Tuesday, February 10, 2009

6.33 a.m.
Cruising along the dark roads, the occasional glare of another's headlights my only guide. We are companions, we are. Strangers behind cool, closed cars leading inconceivably different lives. Hello mister, do you have children? Hello lady, do you know what it is like to be happy?

Windows down. Wind in my hair, goosebumps on my neck. Speed is beauty. What if I died this morning? Driving round the corner, right there on that very street at 6.37 in the darkness. Thinking about ( ). Dying mid-thought. End. Null. Gone.

This is the nearest I have come to feeling something remotely resembling freedom. Between the trees I see the moon. An irrepressible moment of inspired pulchritude.
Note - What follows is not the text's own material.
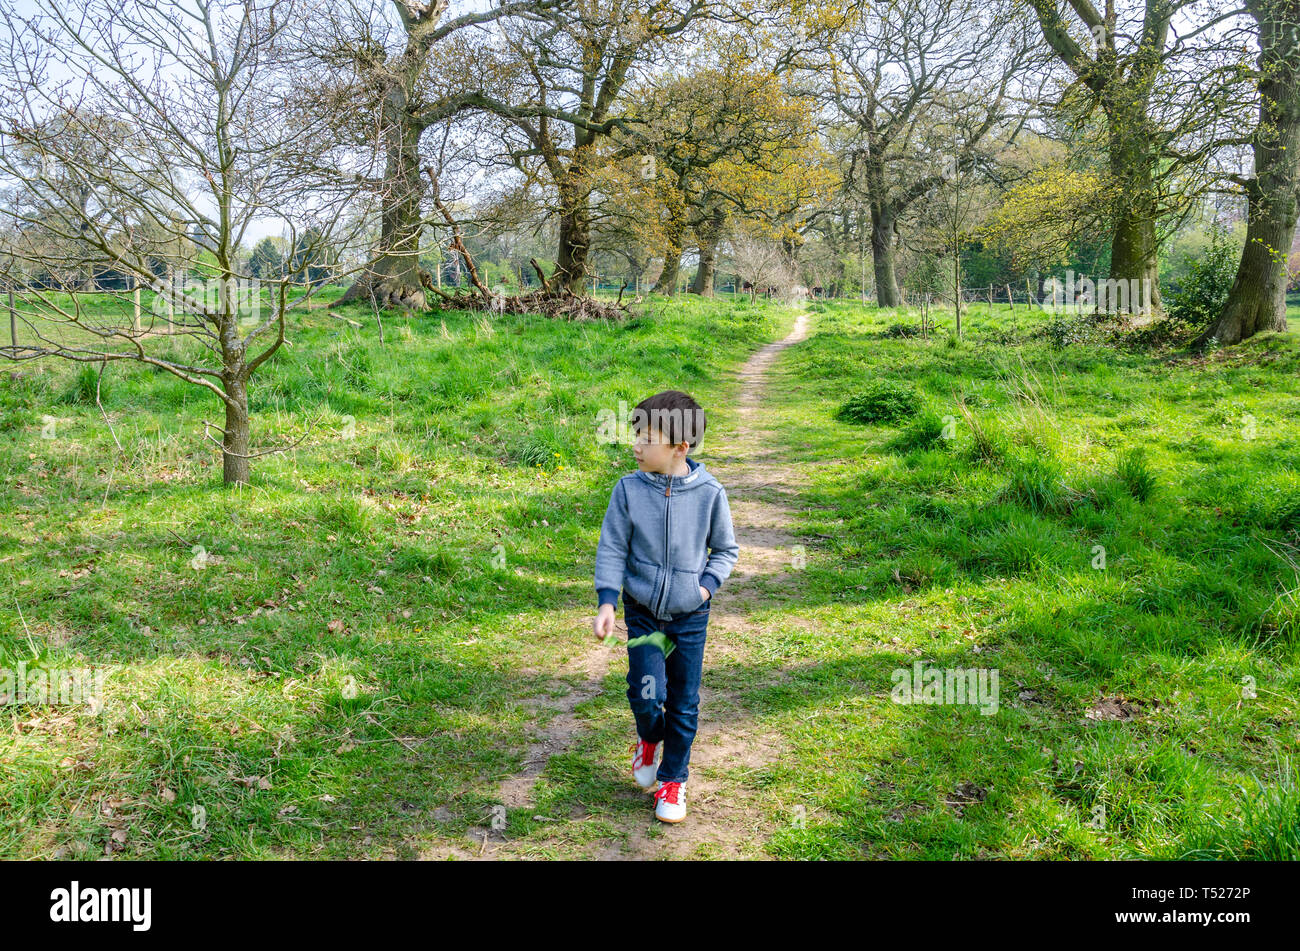 A young boy walking through a clearing in woodland in countryside near the village of Perton in South Staffordshire near Wolverhampton Stock Photo

At times like these there is no denying that God exists.

Mouth drawn shut, there is no need for words. Singing along to the radio would wreck the silence. I am writing this in my head, and I will have memorised it to the very end. So here it is.

Building a wall around oneself is a form of art. It takes constructive thought and prolonged introspection. Look and observe and you will see how easy it is to shut the rest of the world out. Hide between a thin piece of cloth, or impeccably stacked bricks, it is all the same. Escape. Elegantly for that matter. You get to evade the looks and the questions and it is just you, and this darkness and this wind on your neck whistling in your eyes and round the bend.

Faster now. But the sky is lightening. Familiar road. Maybe dying this morning isn't such a good idea after all. I'd miss Chemistry.